The receiver strolls onto his team’s empty turf practice field, where banners hanging on the far wall unfurl like oversized, ancient scrolls. Each features the same two words: NFL CHAMPIONS. But look closer, lower, at the dates: 1935, ’52, ’53 and ’57, followed by a final poster that announces a division title in … 2023.

The story of the Detroit Lions is laid out in those five billboard-sized squares: their success in professional football is vintage and archaic; their misery endless and established; but their present (finally! mercifully!) more fruitful than at any other point in, oh, say, the last 67 years.
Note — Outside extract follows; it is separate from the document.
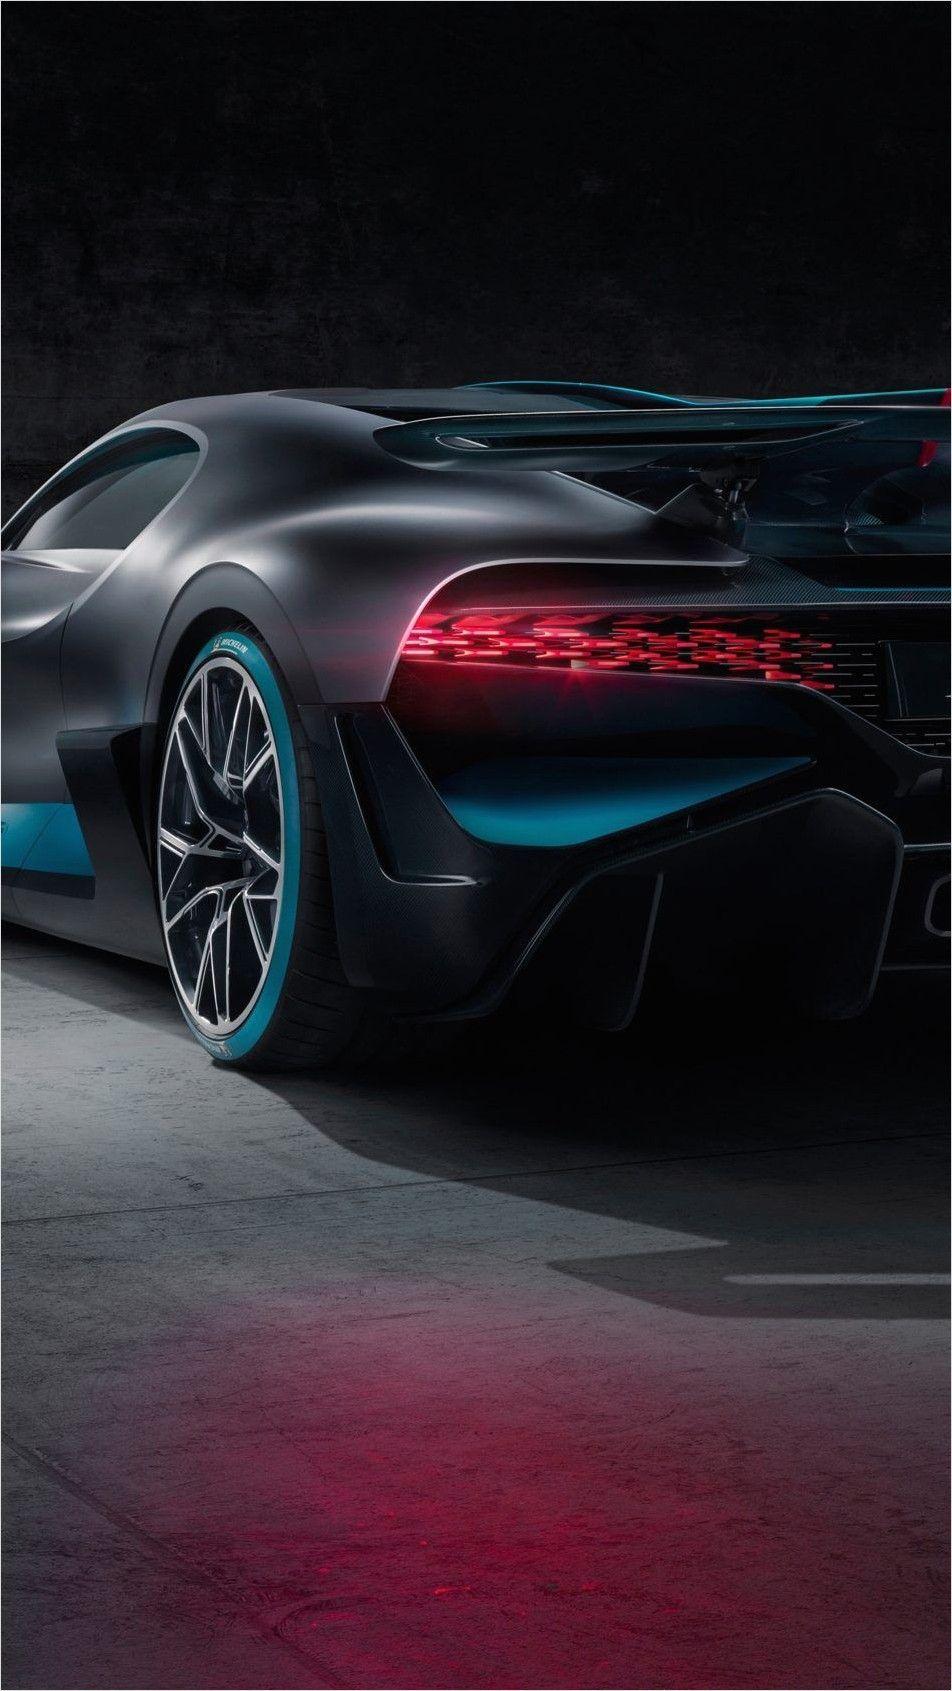 Neon car wallpapers free by zedge. Super Car Wallpaper 4k

His head provides the most colorful kind of proof. Amon-Ra St. Brown made a promise before this season started, vowing to dye his dome if the Lions made the playoffs. When they did, he called a salon in nearby Birmingham where many wives of Detroit players get their hair done. The process took three hours, morphing from black to bleach blonde to blue—bright, blinding, Smurfs-approved blue.

In most ways, he’s not like them at all. His father, John Brown, was Mr. Universe—yes, that Mr. Universe (and Mr. World and Mr. Olympia)—not long after Arnold Schwarzenegger. His mother, Miriam, enrolled Amon-Ra in French grammar school and only speaks to him in German, even now. They named the youngest of their three boys after Amun, the chief god of ancient Thebes, the single most important deity in the Egyptian pantheon. Amid a few centuries spent god-ing in obscurity, Amun first meant “The Hidden One.” But then he merged with an ancient and prestigious sun god, one Re of Heliopolis. Together, they became Amun-Re, master of monikers, whether “King of the Gods,” “Lord of Heaven” or “Lord of the Thrones of the Two Lands.